Debido a que los anticuerpos tienen más de una zona de enlace a antígenos, pueden unirse a más de
uno a la vez; en consecuencia, los complejos antígeno-anticuerpo se entrecruzan en grandes redes.
Cuando el enlace cruzado implica antígenos ligados a células, el proceso causa la aglomeración de
células extrañas; este proceso se denomina aglutinación. Este tipo de reacción antígeno-anticuerpo
se produce en la transfusión de sangre incompatible (las células de sangre extraña se aglutinan) y es
la base de todas las pruebas utilizadas para la tipificación de la sangre. Cuando el enlace cruzado
afecta a moléculas de antígeno solubles, el complejo antígeno-anticuerpo resultante es de tal tamaño
que se vuelve insoluble y se separa de la solución. Esta reacción de enlace cruzado se denomina
más específicamente precipitación. No hay duda de que las bacterias aglutinadas y las moléculas de
antígeno inmovilizadas (precipitadas) son mucho más fáciles de capturar y tragar por los fagocitos
del organismo que los antígenos que se mueven libremente.

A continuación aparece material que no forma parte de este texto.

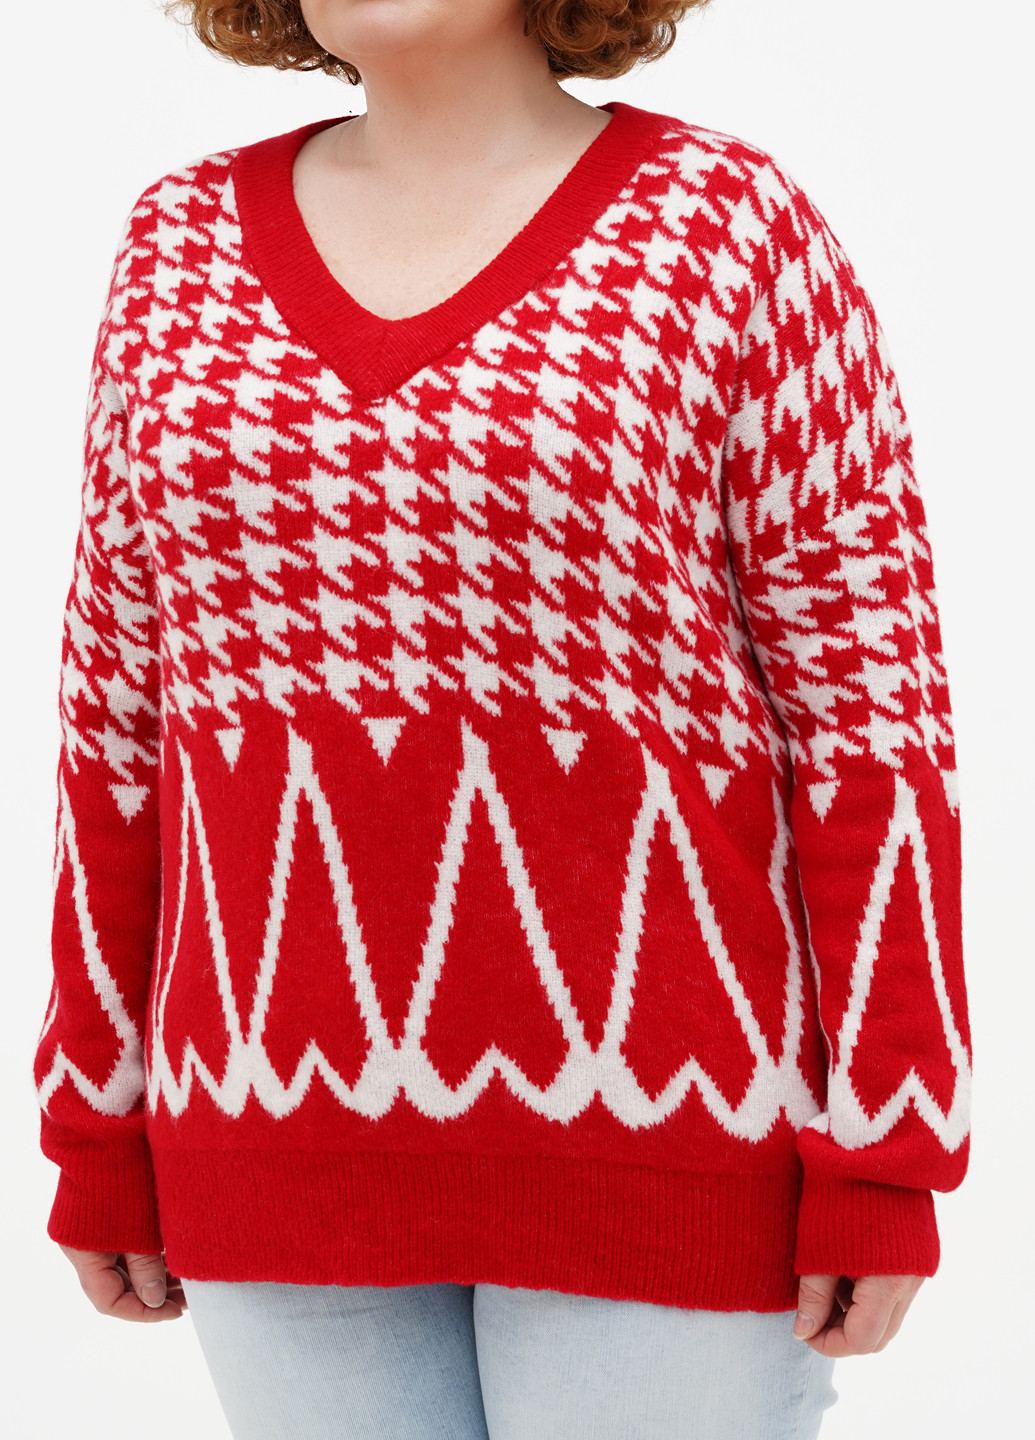 Красный демисезонный пуловер пуловер Comma

Inmunidad celular (mediada por células)

Es una forma de defensa específica en que los linfocitos T atacan de manera directa y destruyen
células enfermas o externas; y el sistema inmunitario recuerda los antígenos de esos invasores y
evita que causen enfermedades en el futuro. La inmunidad celular emplea cuatro clases de linfocitos
T:
1. Los linfocitos T citotóxicos (TC) son los “efectores” de la inmunidad celular que realizan el
ataque sobre las células externas.
2. Los linfocitos T cooperadores (TH) promueven la acción de los linfocitos TC además de tener
papeles clave en la inmunidad humoral y la resistencia inespecífica. Todos los demás linfocitos T
sólo intervienen en la inmunidad celular.
3. Los linfocitos T reguladores (TR), o T-regs, limitan la respuesta inmunitaria al inhibir la
multiplicación y secreción de citocinas por parte de otros linfocitos T. Aún no se comprende bien su
función; al parecer, son muy importantes en la prevención de las enfermedades autoinmunitarias.
4. Los linfocitos T de memoria (TM) descienden de los TC y son responsables de la memoria en la
inmunidad celular.

Enfermedades autoinmunes

Las enfermedades autoinmunes se presentan cuando el sistema inmunológico no reconoce y


reacciona atacando mediante la producción de anticuerpos y células T los tejidos del propio
organismo.
En las siguientes enfermedades autoinmunes veamos lo que sucede:
-En la diabetes tipo I, los anticuerpos atacan las células del páncreas productoras de insulina (islotes
de Langerhans).
-En la artritis reumatoide, los anticuerpos atacan el tejido conectivo que rodea las articulaciones.
-En la esclerosis múltiple, los anticuerpos afectan a las neuronas del encéfalo y médula espinal.
-En la miastenia grave, los anticuerpos atacan las uniones neuromusculares.